Hak guna bangunan dapat dijadikan jaminan utang dengan dibebani hak tanggungan.

Pasal 40

Hak guna bangunan hapus karena :

a. jangka waktunya berakhir;

b. dihentikan sebelum jangka waktunya berakhir karena sesuatu syarat tidak dipenuhi;

c. dilepaskan oleh pemegang haknya sebelum jangka waktunya berakhir;

d. dicabut untuk kepentingan umum;

e. ditelantarkan;

f. tanahnya musnah;

g. ketentuan dalam pasal 36 ayat (2).

Bagian VI

Hak pakai

Pasal 41

(1) Hak pakai adalah hak untuk menggunakan dan/atau memungut hasil dari tanah yang dikuasai langsung oleh Negara atau tanah milik orang lain, yang memberi wewenang dan kewajiban yang ditentukan dalam keputusan pemberiannya oleh pejabat yang berwenang memberikannya atau dalam perjanjian dengan pemilik tanahnya, yang bukan perjanjian sewa menyewa atau perjanjian pengolahan tanah, segala sesuatu asal tidak bertentangan dengan jiwa dan ketentuan-ketentuan Undang-undang ini.

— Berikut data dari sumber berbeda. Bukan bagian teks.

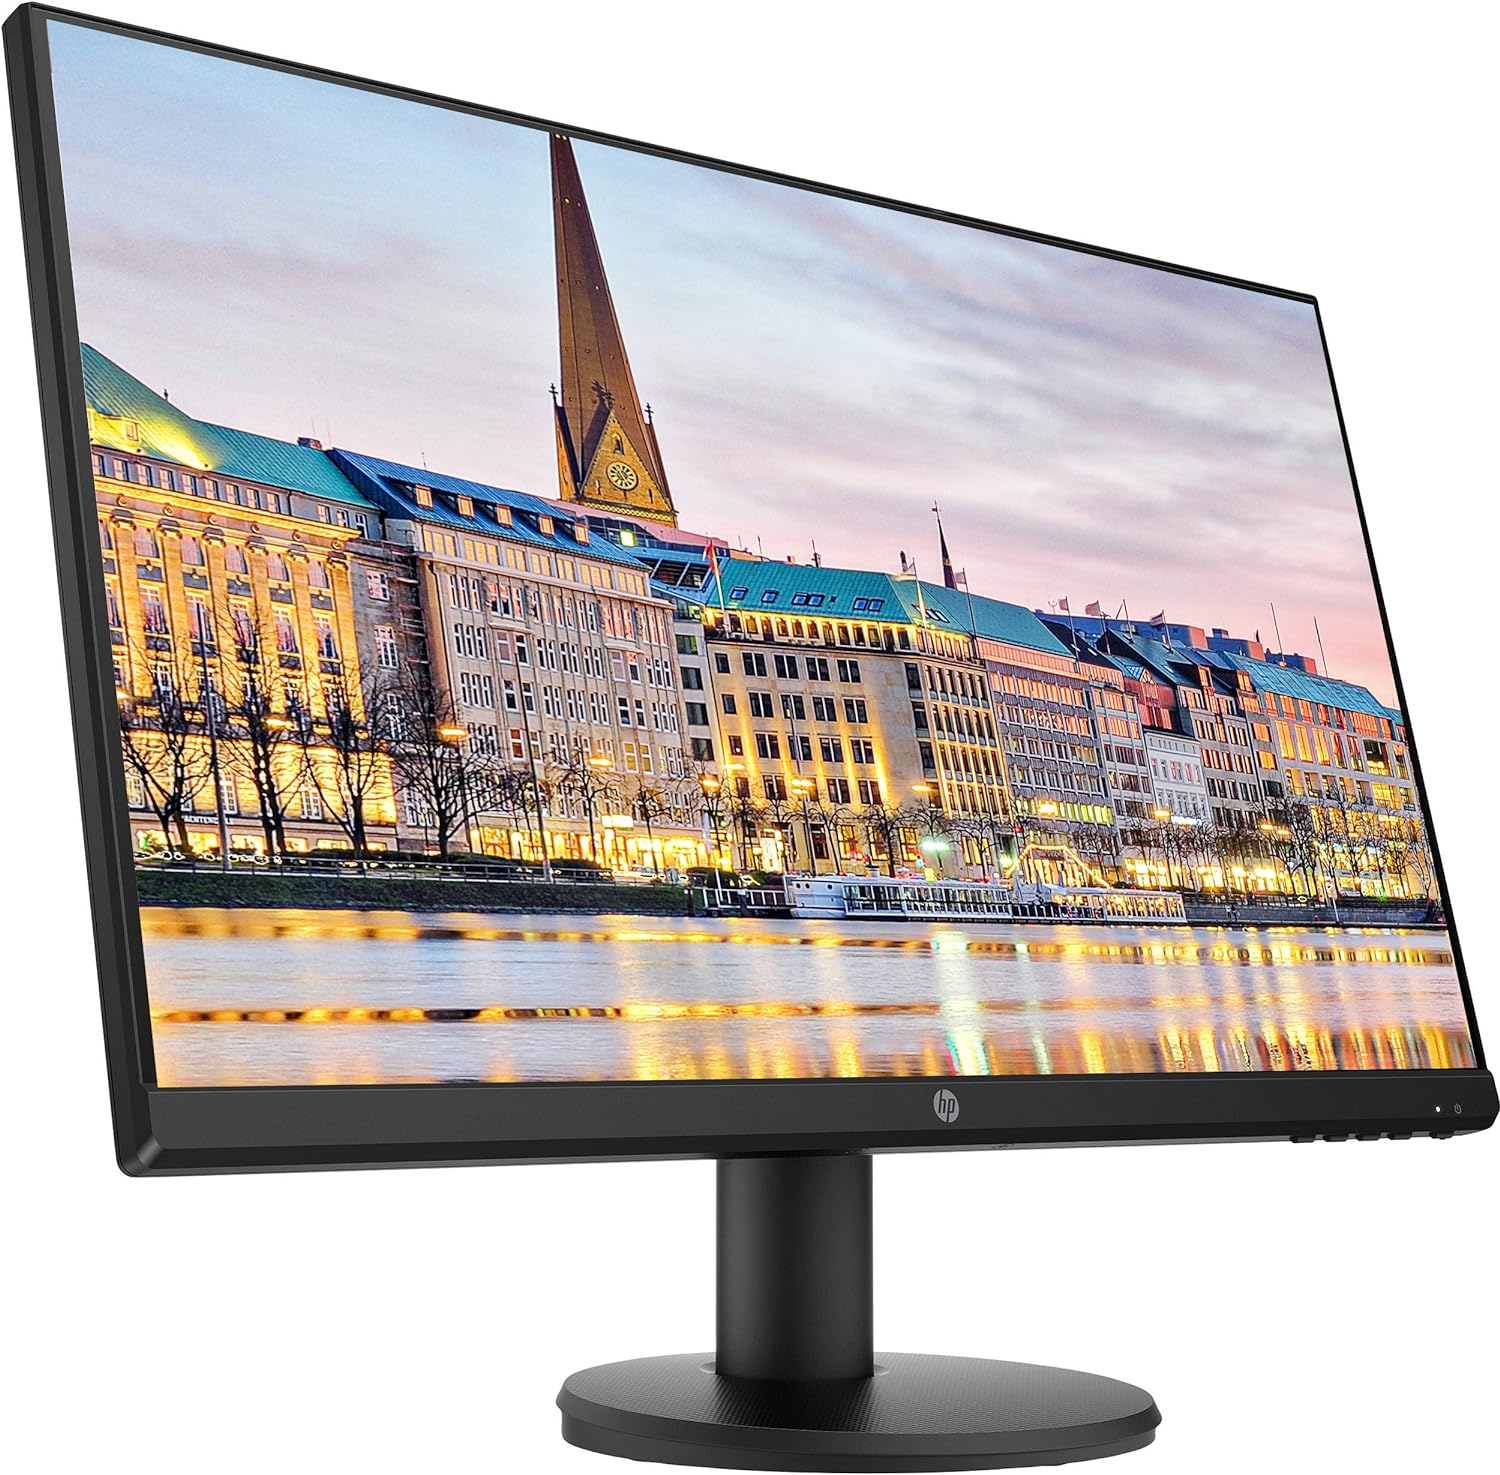 HP P24v G4 24 Inch FHD IPS LED-Backlit LCD 2-Pack Monitor Bundle with HDMI, Blue Light Filter, Dual Monitor Stand, MK270 Wireless Keyboard and Mouse Combo, Gel Pad

(2) Hak pakai dapat diberikan :

a. selama jangka waktu yang tertentu atau selama tanahnya dipergunakan untuk keperluan yang tertentu;

b. dengan cuma-cuma, dengan pembayaran atau pemberian jasa berupa apapun.

(3) Pemberian hak pakai tidak boleh disertai syarat-syarat yang mengandung unsur-unsur pemerasan.

Pasal 42

Yang dapat mempunyai hak pakai ialah :

a. warga negara Indonesia;

b. orang asing yang berkedudukan di Indonesia;

c. badan hukum yang didirikan menurut hukum Indonesia dan berkedudukan di Indonesia;

d. badan hukum asing yang mempunyai perwakilan di Indonesia.

Pasal 43

(1) Sepanjang mengenai tanah yang dikuasai oleh Negara maka hak pakai hanya dapat dialihkan kepada pihak lain dengan izin pejabat yang berwenang.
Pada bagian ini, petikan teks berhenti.